DIRECTIONS FOR THIS TASK = In the copy, include exactly the lines from the one with "Schwarz-Weiß-Fotografie des italienischen" through the end of the data and no others, both ends kept, with every picture left out.
==== GIVEN DATA ====
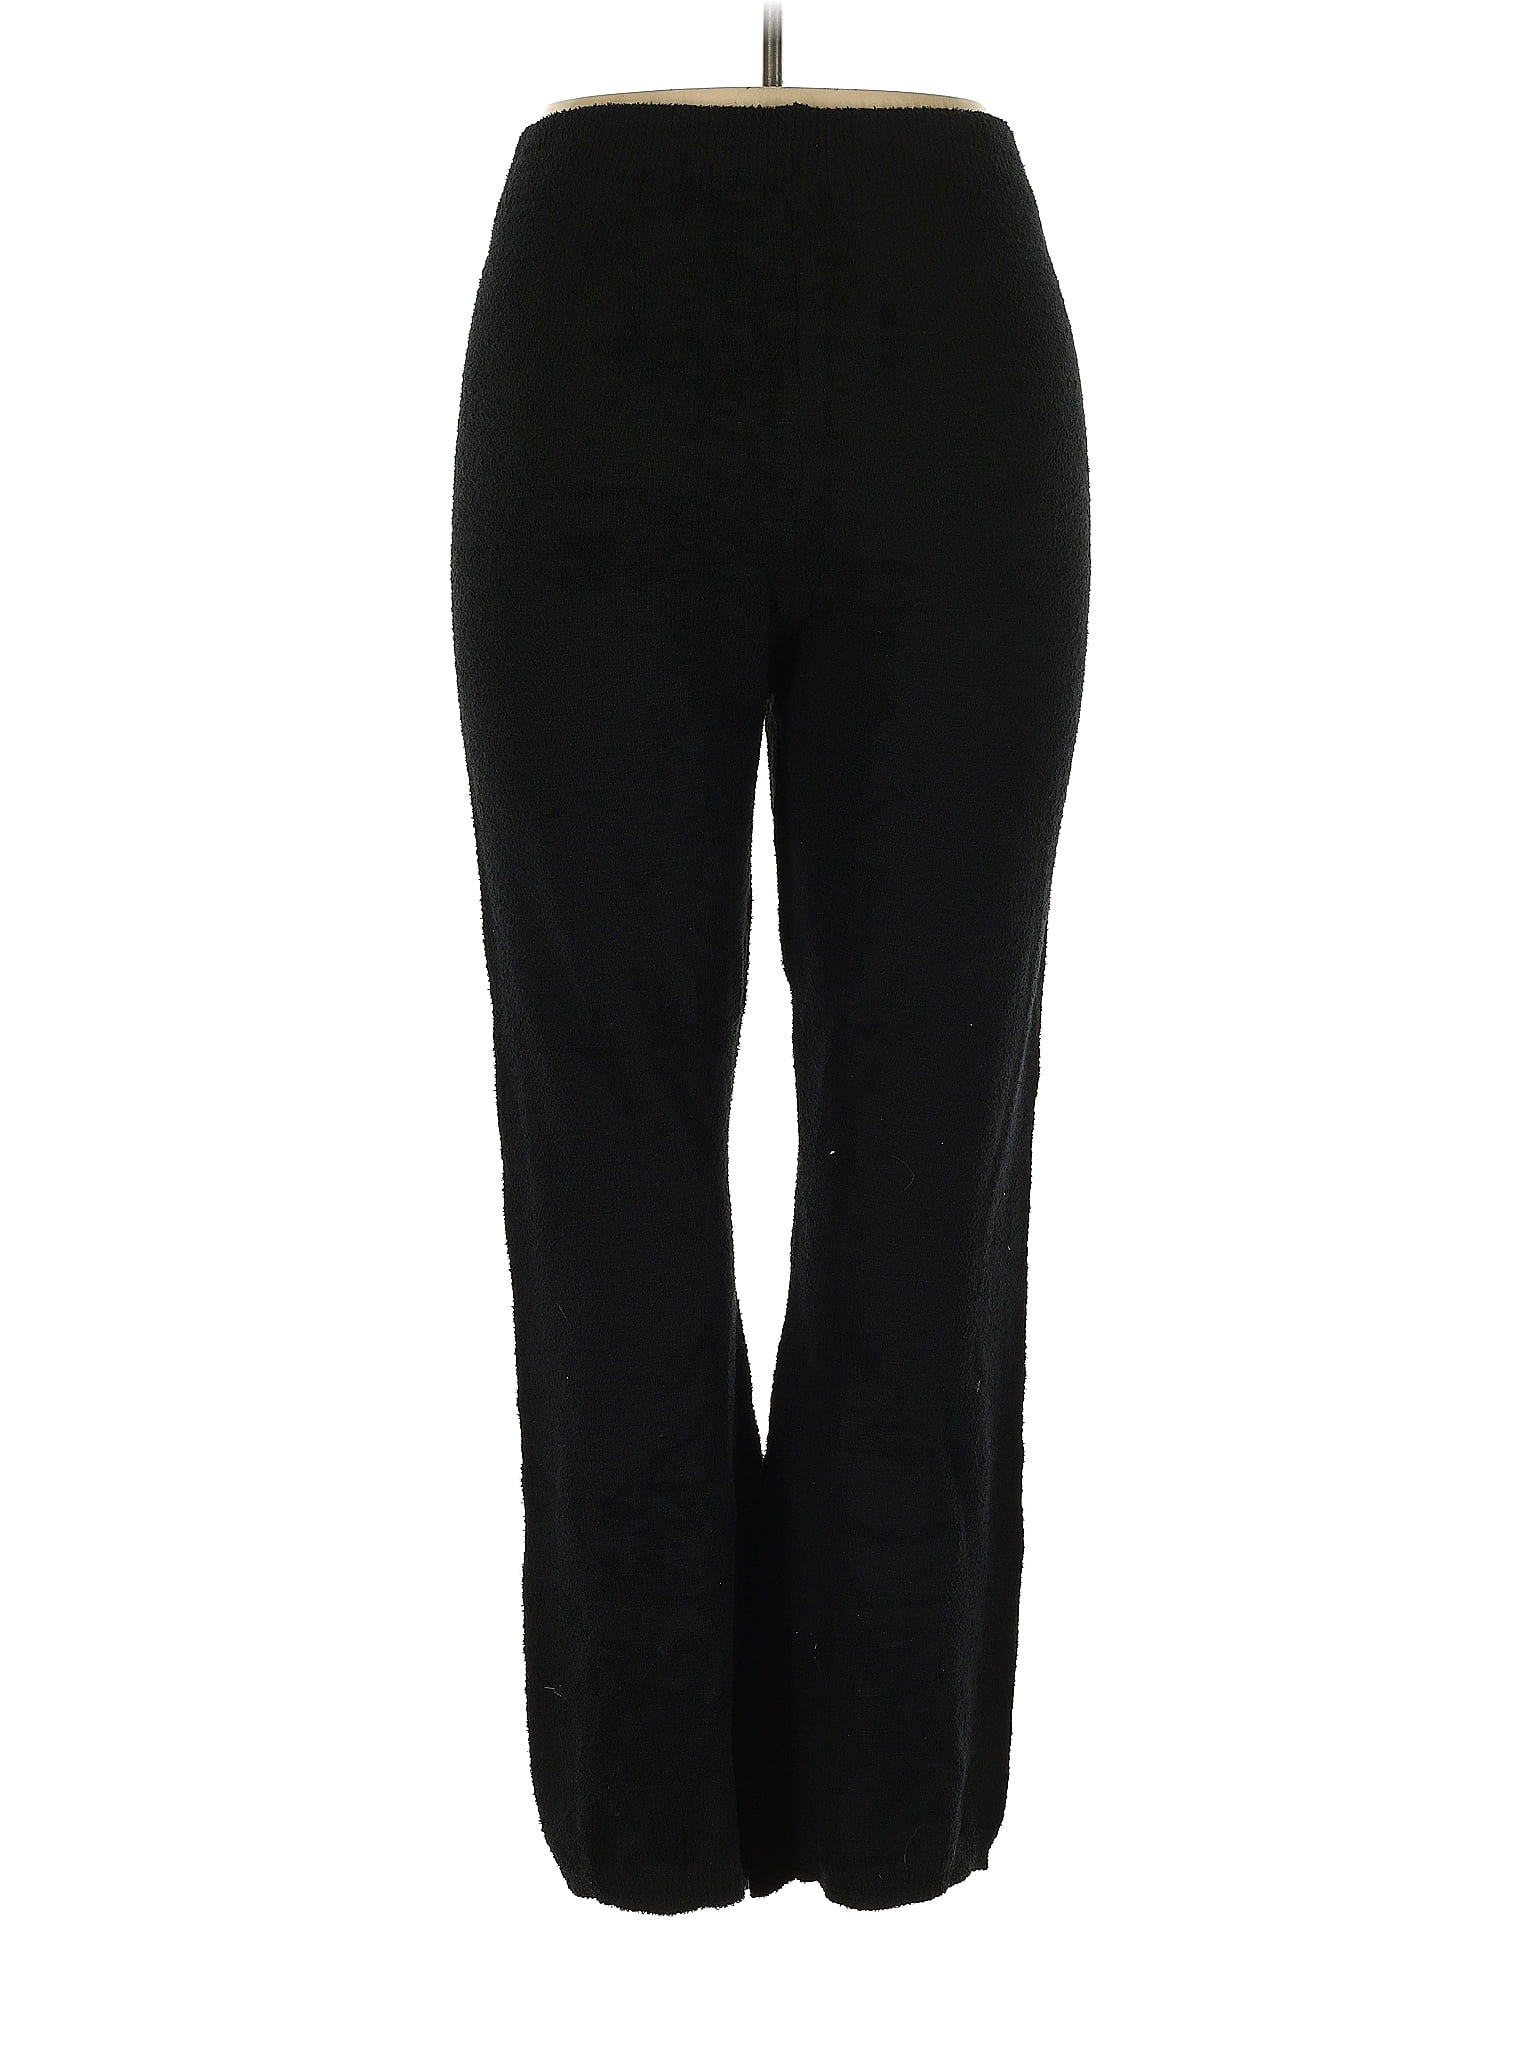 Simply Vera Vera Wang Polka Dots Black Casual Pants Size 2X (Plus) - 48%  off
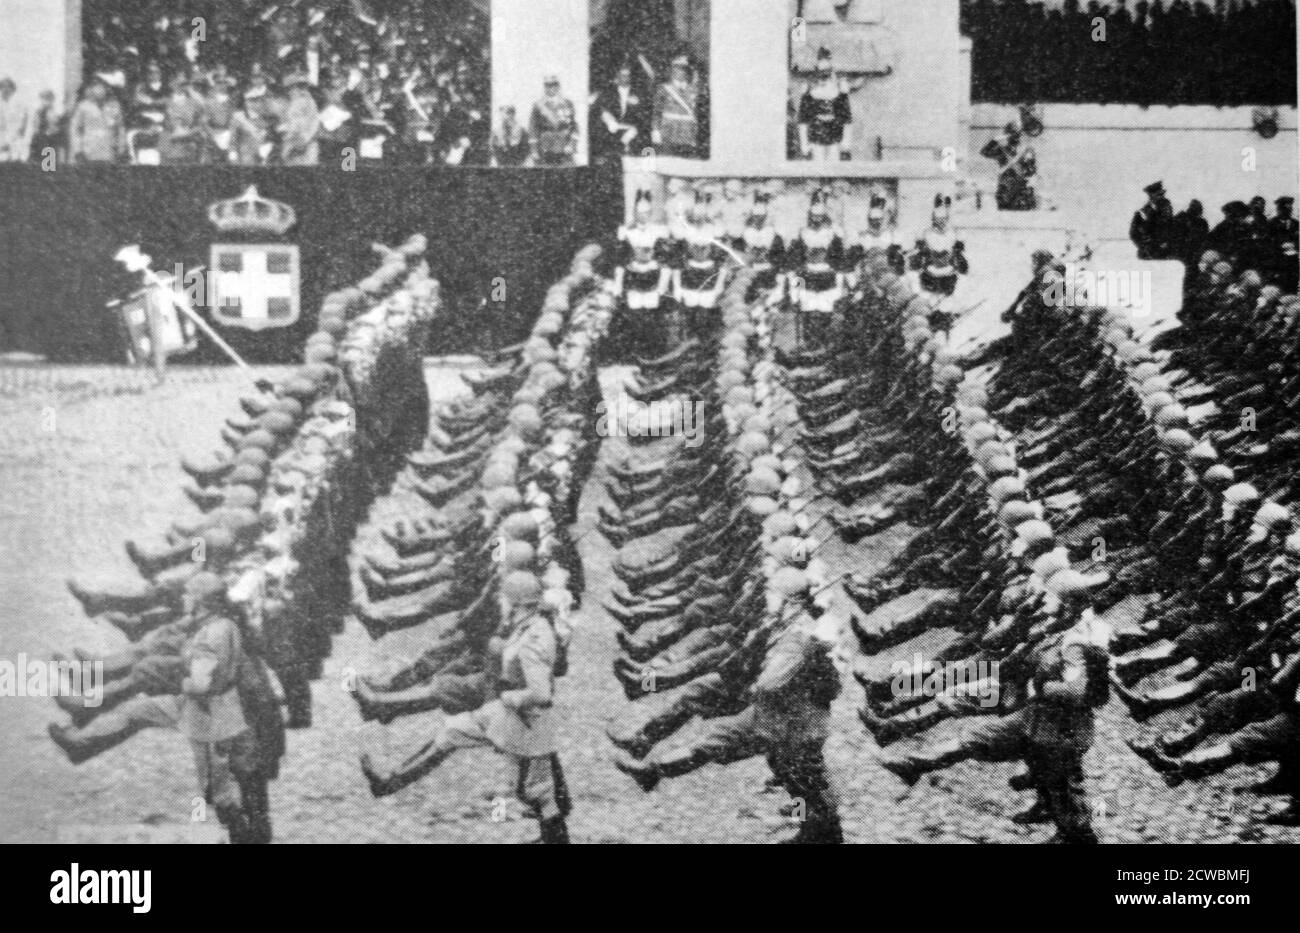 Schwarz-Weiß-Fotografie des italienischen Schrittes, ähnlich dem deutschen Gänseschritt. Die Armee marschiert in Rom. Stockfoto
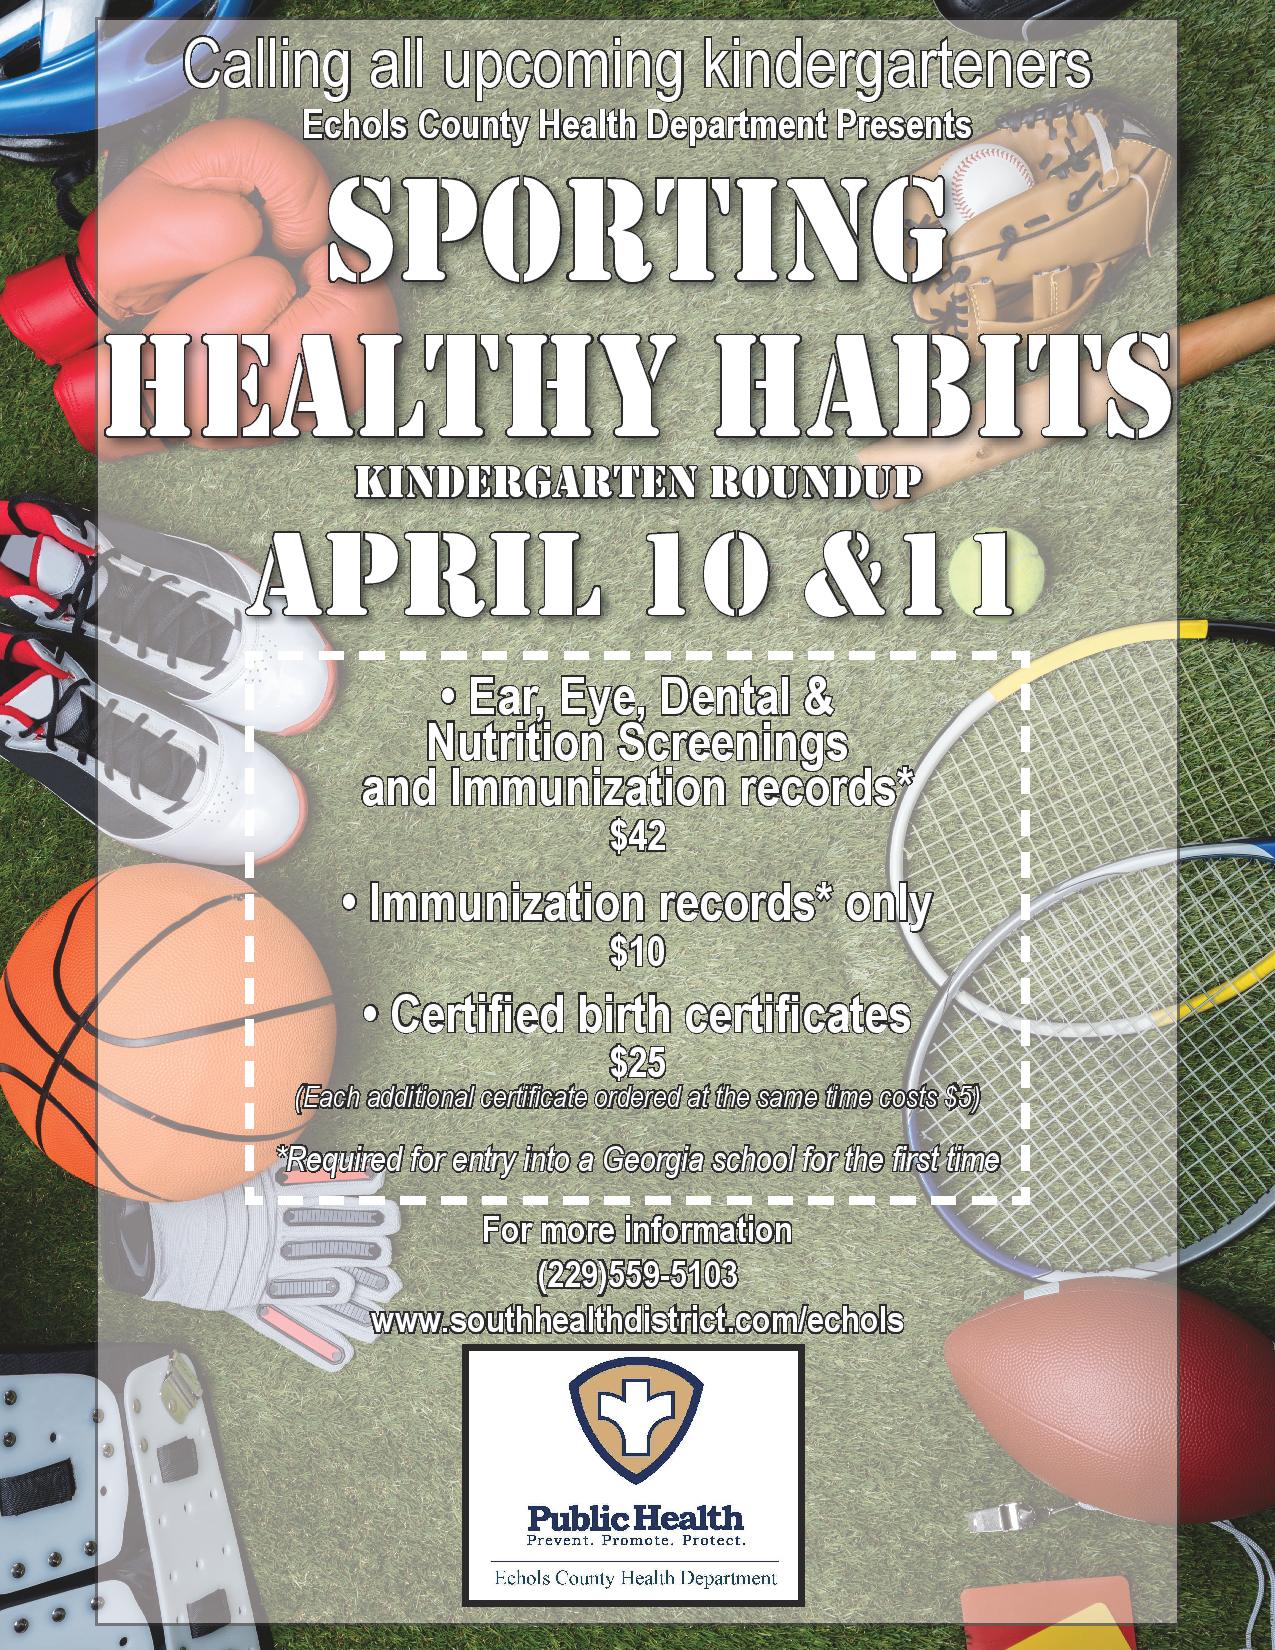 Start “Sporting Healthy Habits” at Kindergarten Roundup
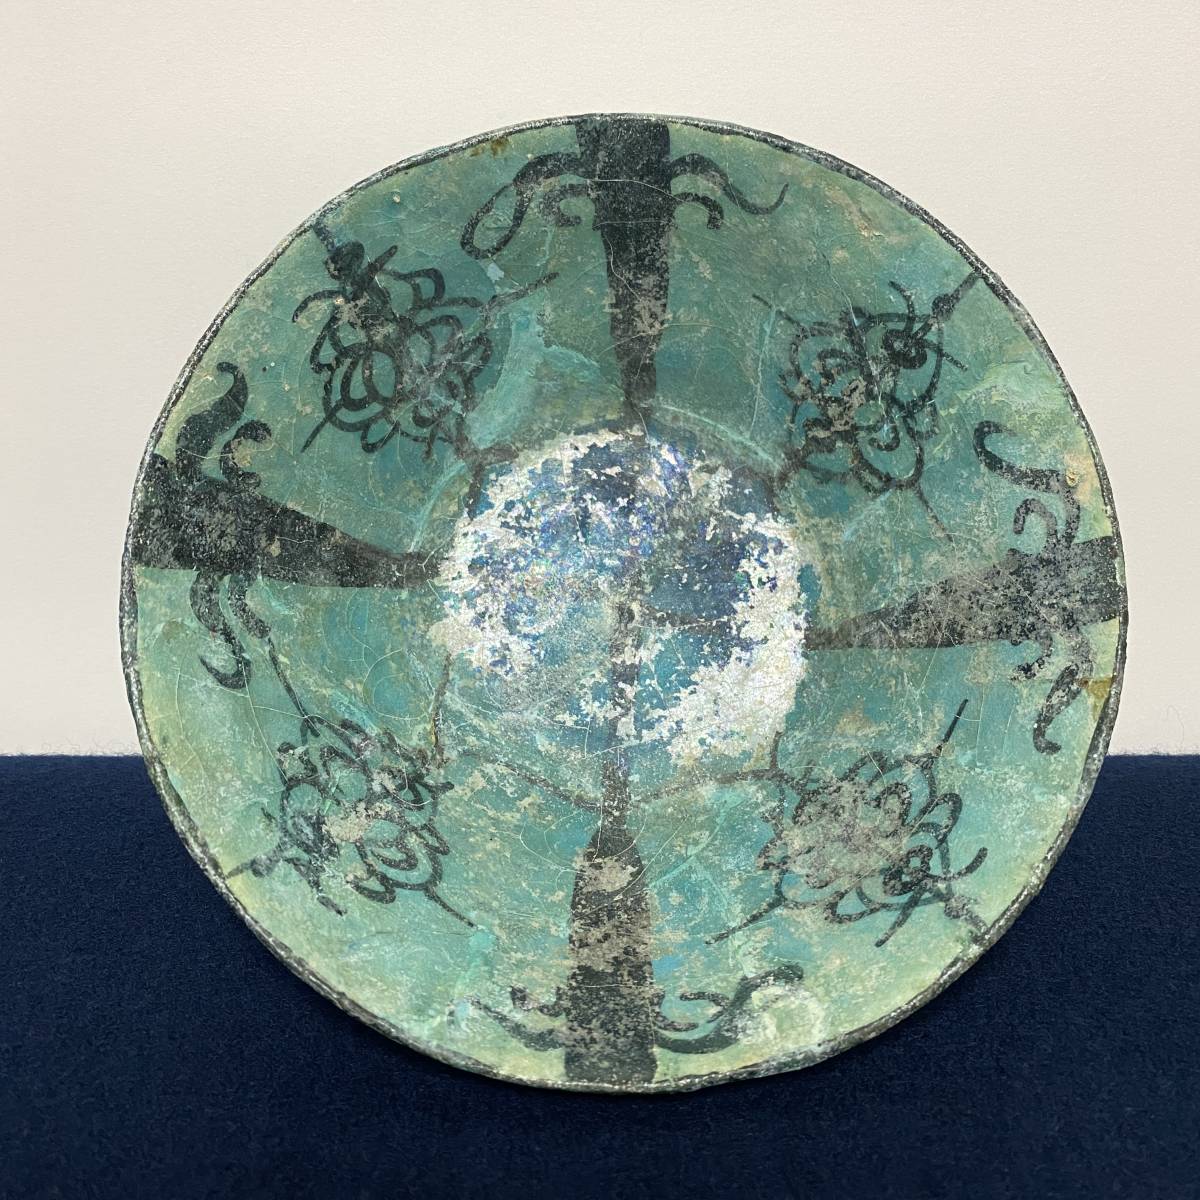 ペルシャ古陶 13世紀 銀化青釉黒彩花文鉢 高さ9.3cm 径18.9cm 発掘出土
====
EXERCISE RESPONSE =
 Schwarz-Weiß-Fotografie des italienischen Schrittes, ähnlich dem deutschen Gänseschritt. Die Armee marschiert in Rom. Stockfoto
 Start “Sporting Healthy Habits” at Kindergarten Roundup
 ペルシャ古陶 13世紀 銀化青釉黒彩花文鉢 高さ9.3cm 径18.9cm 発掘出土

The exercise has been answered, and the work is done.